SB 557: proposes development and authorization for a city, county, or city and county to establish a multi-agency, multidisciplinary family justice center to assist victims of domestic violence, officer-involved domestic violence, sexual assault, elder abuse, stalking,
cyberstalking, cyberbullying, and human trafficking, to ensure
that victims of abuse are able to access all needed services in one
location and to enhance victim safety, increase offender
accountability, and improve access to services for victims of crime,
as provided. The bill would permit the family justice centers to be
staffed by law enforcement, medical, social service, and child
welfare personnel, among others.
AB 764: This bill would allow an individual taxpayer to designate on the
tax return, that a specified amount in excess of the tax liability be
transferred to the Victim-Witness Assistance Fund and that all moneys contributed to the fund be allocated for community-based
organizations that serve minor victims of human trafficking.

SB 123: California Runaway, Homeless, and
Exploited Youth Act would require, subject to the availability of adequate resources, the California Emergency Management Agency to develop , in collaboration with the Senate Office of Research and various interested parties, a statewide plan for runaway, homeless, and exploited youth, as specified.

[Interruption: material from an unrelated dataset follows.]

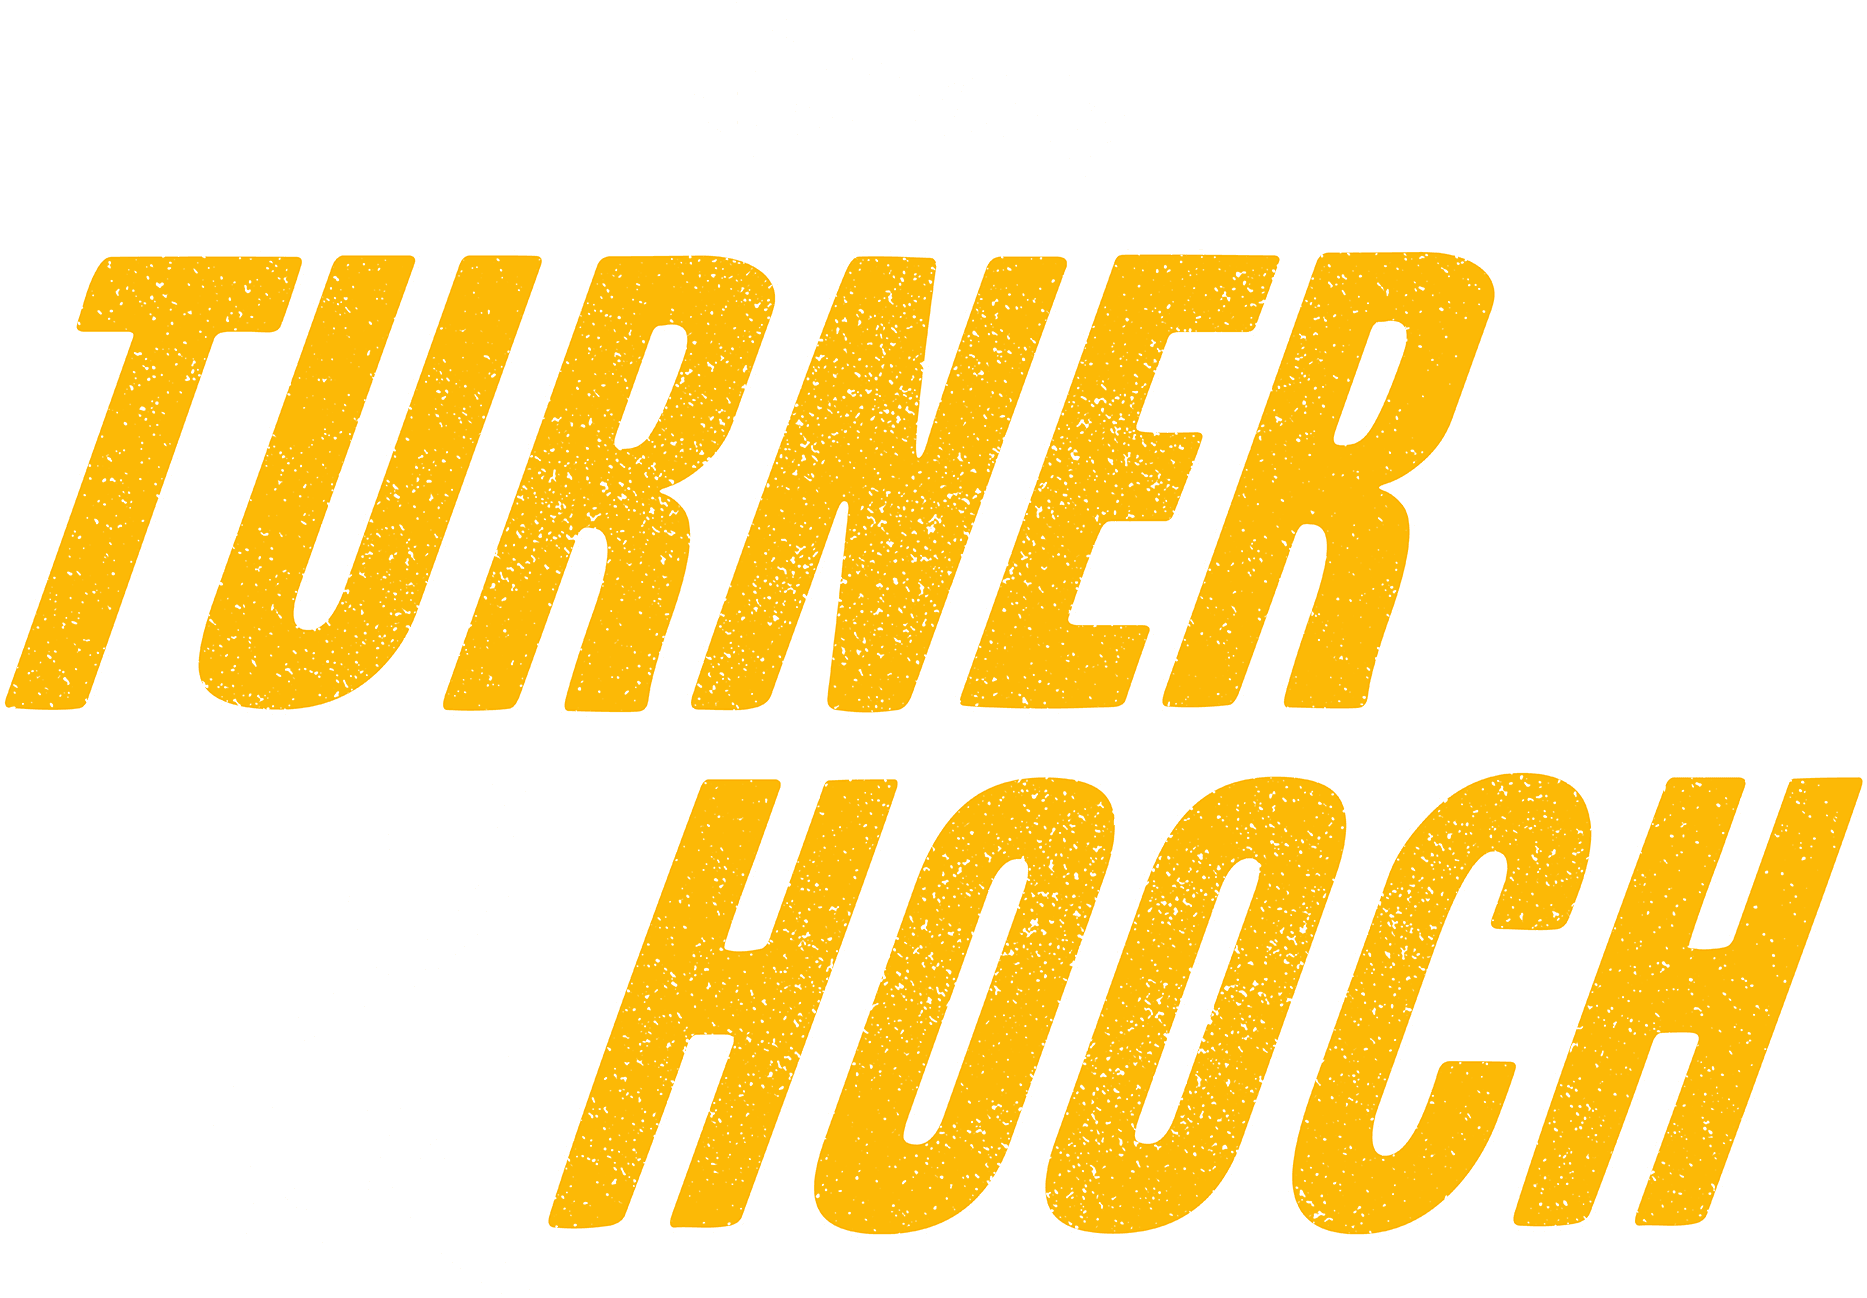 Turner & Hooch logo

AB 1188: Amends the Victim’s Bill of Rights Act to include, within the definition of a violent felony, crimes related to the willful harm or injury to a child, assault resulting in death of a child under 8 years of age, and cruel or inhuman corporal punishment of a child, as specified. The bill would include, within the definition of serious felony, the crimes
noted above as well as human trafficking and luring or transporting a
minor away from the minor’s home without consent.

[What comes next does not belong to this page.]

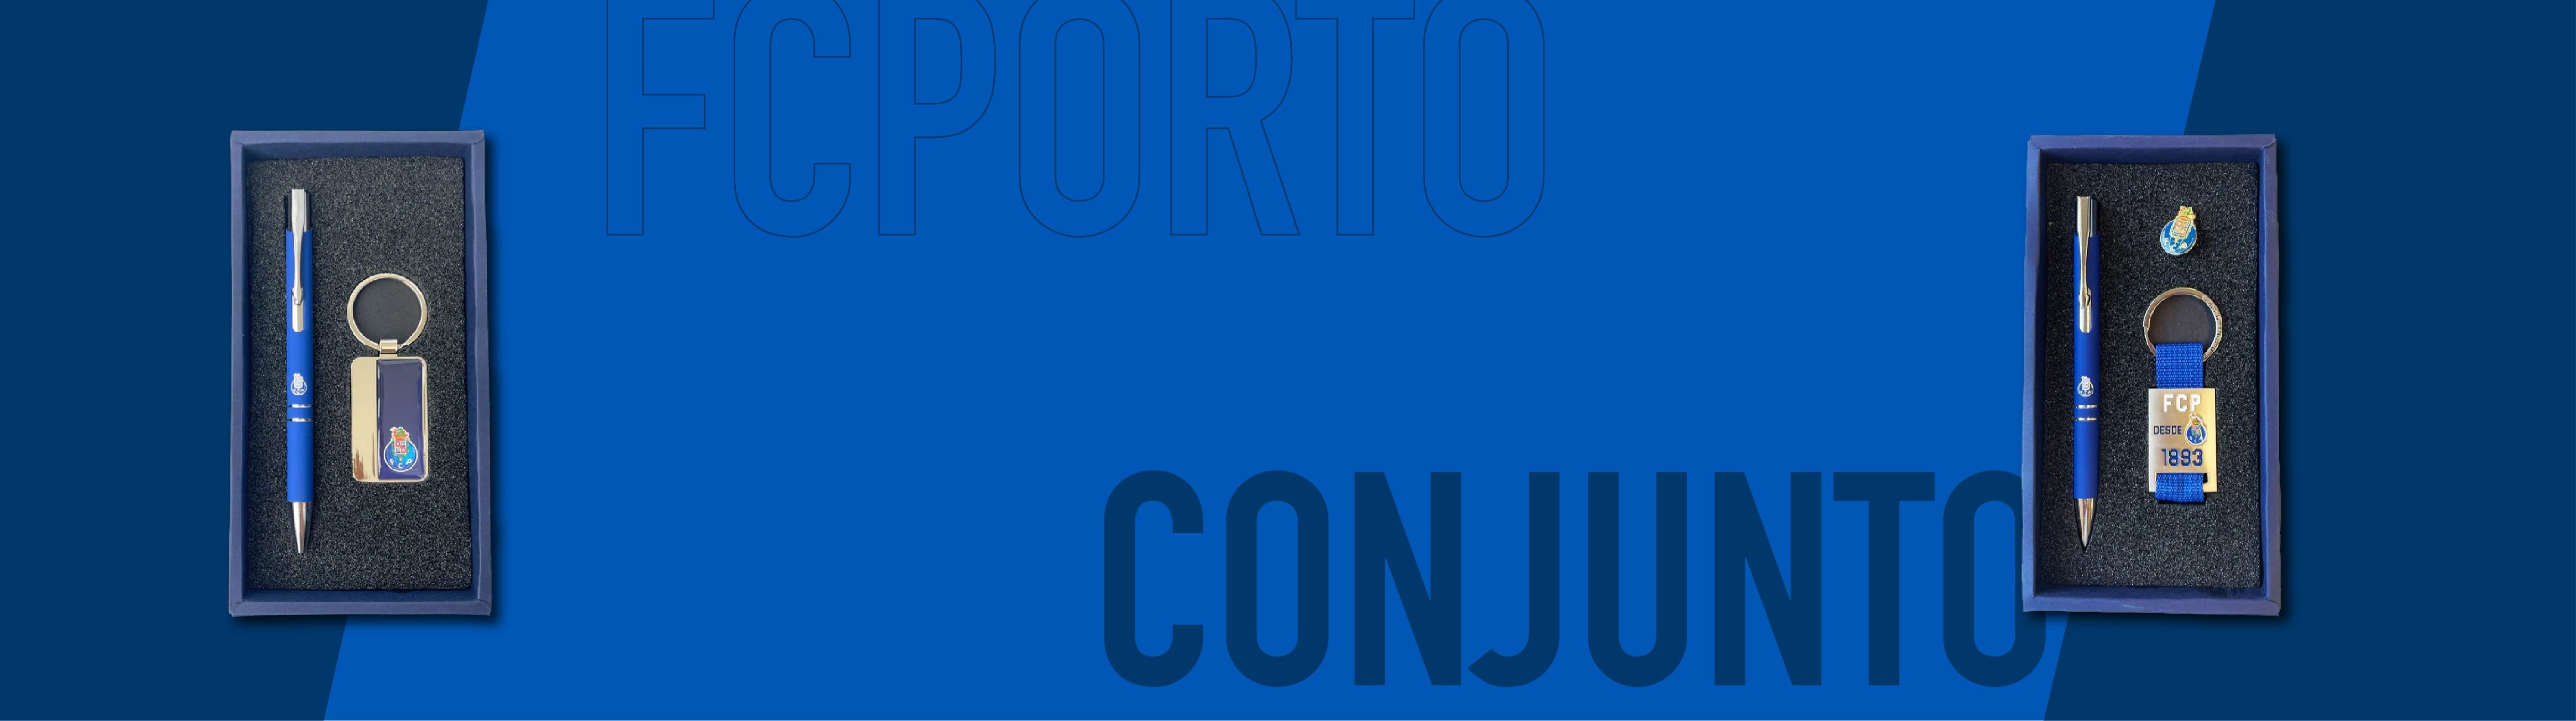 FC PORTO - CONJUNTOS

Today was a fantastic day. The Central Valley Justice Coalition, along with Ronna Bright of Central Valley Against Human Trafficking and FPD Officer Fries, was invited to be a part of “College Hour” at Fresno Pacific University and to speak with students at a special coffee hour afterwards. It was a great honor to share with students and staff about the reality of human trafficking the the community and the role that believers play in responding to it.
We’ve had wonderful opportunities over the past few months to meet with people throughout the community and provide education, training, inspiration, and other tools. Thank you to everyone who has responded.